Sylvia May Davis was born on June 4, 1988. Davis is the daughter of Duncan and Kyungae Davis. They met while Duncan was administering vaccines in South Korea in the 1980s. Davis was raised in Goodland, Kansas, and later moved to Clay Center. She graduated from Clay Center Community High School in 2006. Davis later graduated from the University of Kansas with a bachelor's degree and from Harvard Law School in 2015.

==Career==
===Law work and clerkship (2015–2017)===
After graduating from Harvard, Mailman moved to Denver and worked for a law firm. She clerked in the Court of Appeals for the Tenth Circuit for Timothy Tymkovich from 2016 to 2017.
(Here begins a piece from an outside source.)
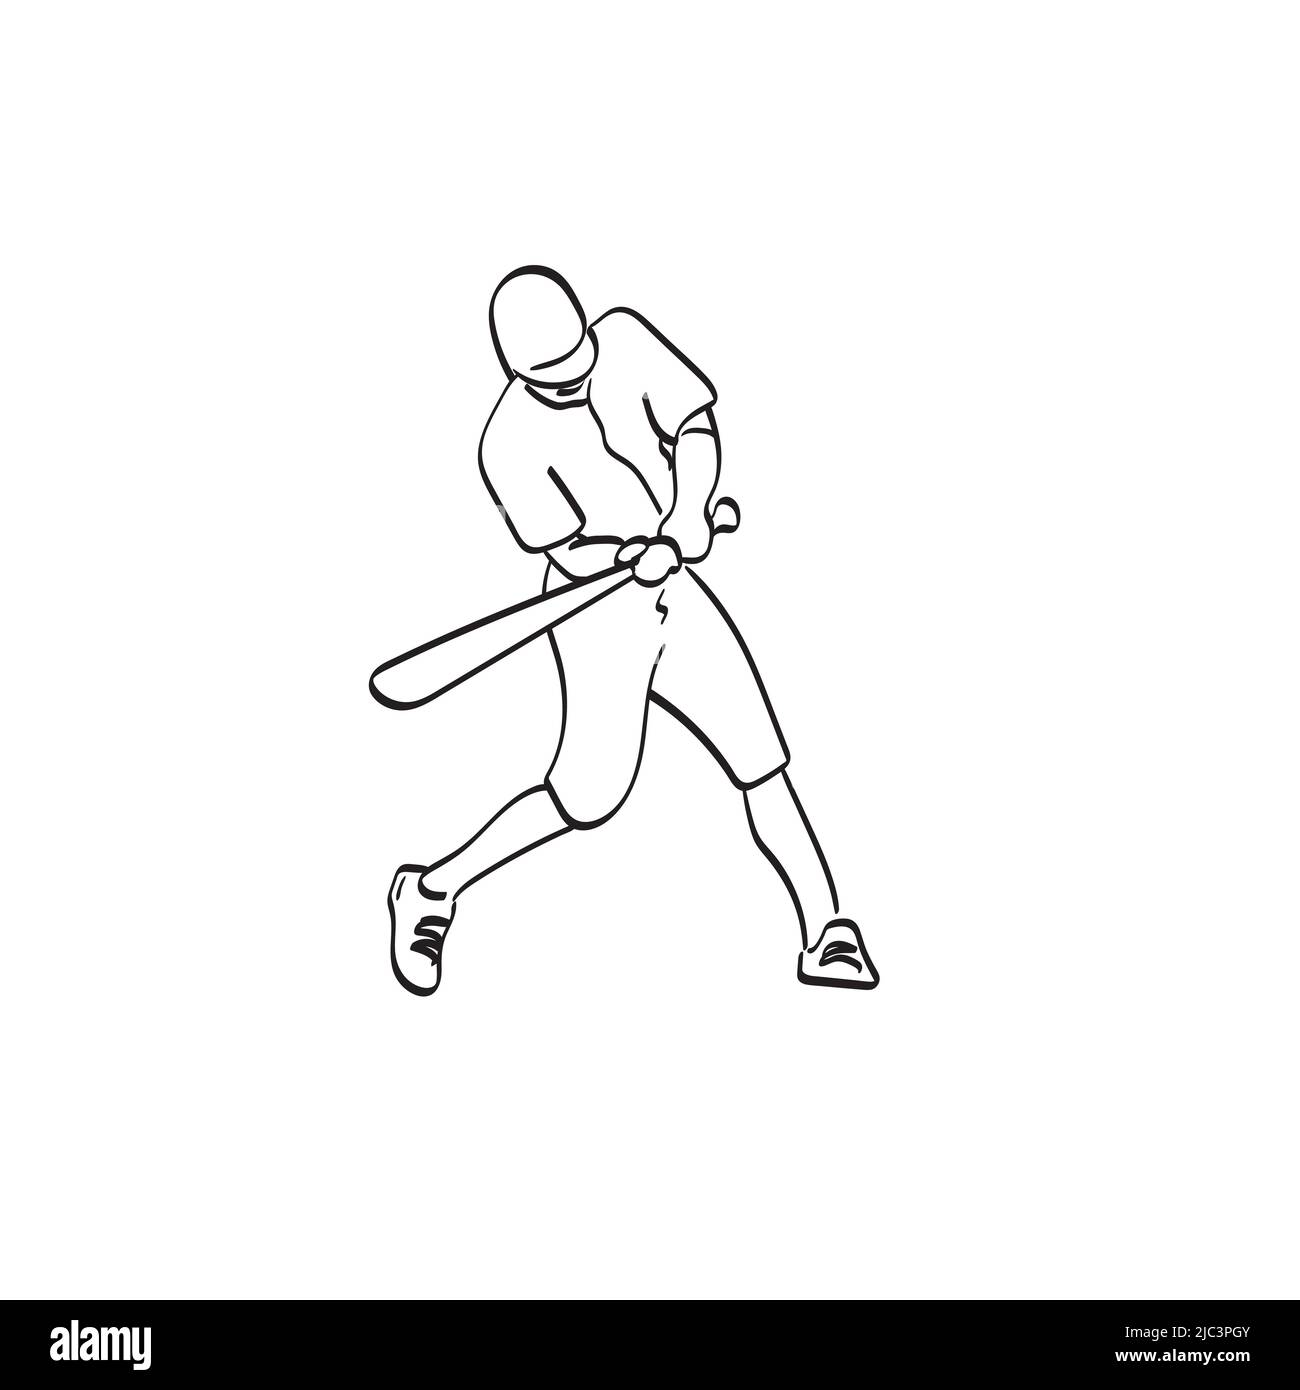 line art baseball batter hitting ball illustration vector hand drawn isolated on white background Stock Vector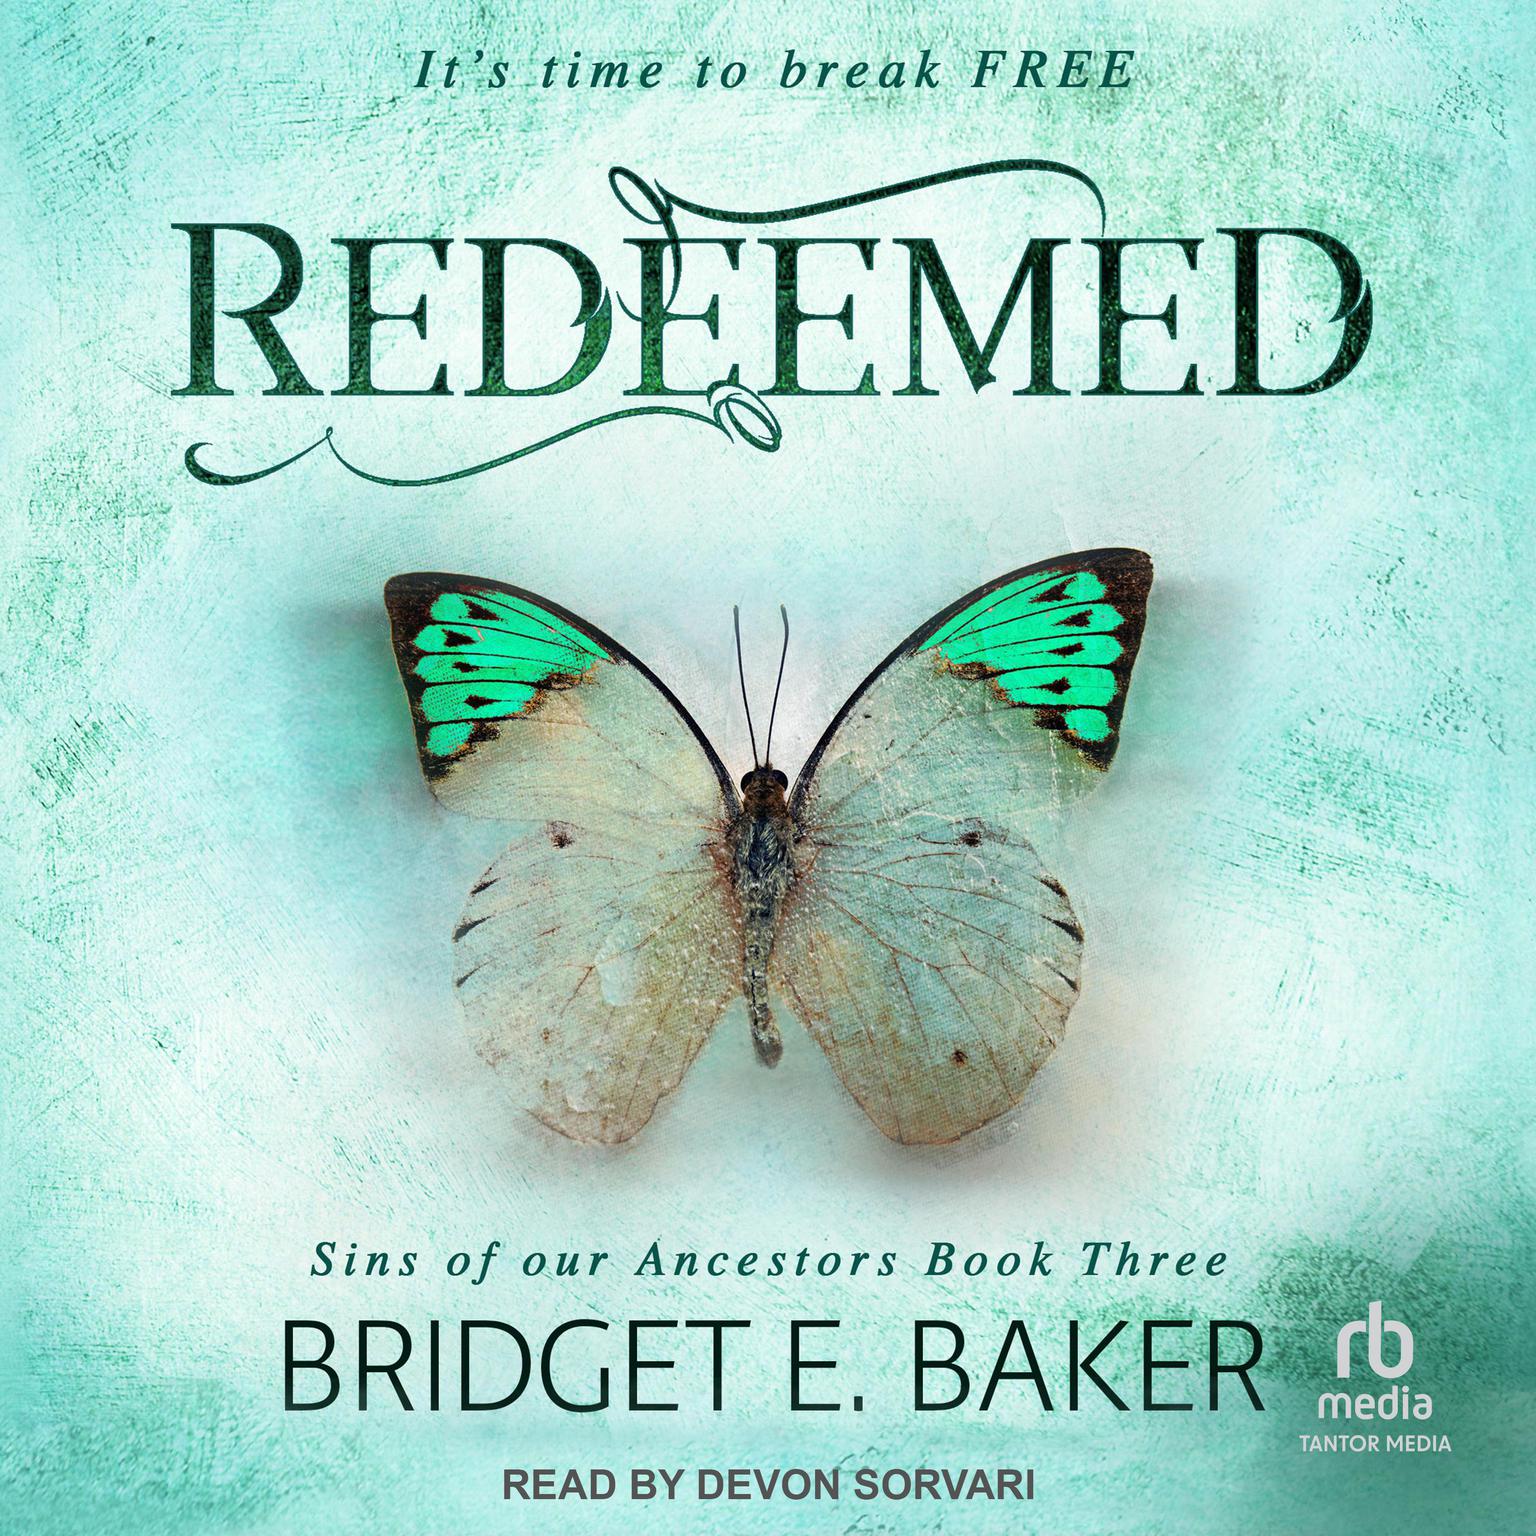 Redeemed Audiobook, by Bridget E. Baker

===Political advisorship (2017–2021)===
By April 2017, Davis had been named as an assistant staff secretary in the White House. That month, she was honored by the National Association of Asian Pacifics in Politics and Public Affairs in its "40 Under 40" list. By June 2018, Davis had been named special assistant to the president and associate staff secretary; that month, she was named deputy assistant to the president and deputy policy coordinator. In April 2019, The Washington Post reported that Davis had written an email to U.S. Customs and Border Protection, Immigration and Customs Enforcement, and Department of Homeland Security officials in November—amid an incoming caravan of migrants—discussing a proposal releasing migrants to sanctuary cities. Davis began working in the Office of White House Counsel prior to the COVID-19 pandemic. Emails released by the House Select Subcommittee on the Coronavirus Pandemic in April 2022 showed that Davis sought to remove guidance from the Centers for Disease Control and Prevention advising churches to hold religious services virtually in May 2020.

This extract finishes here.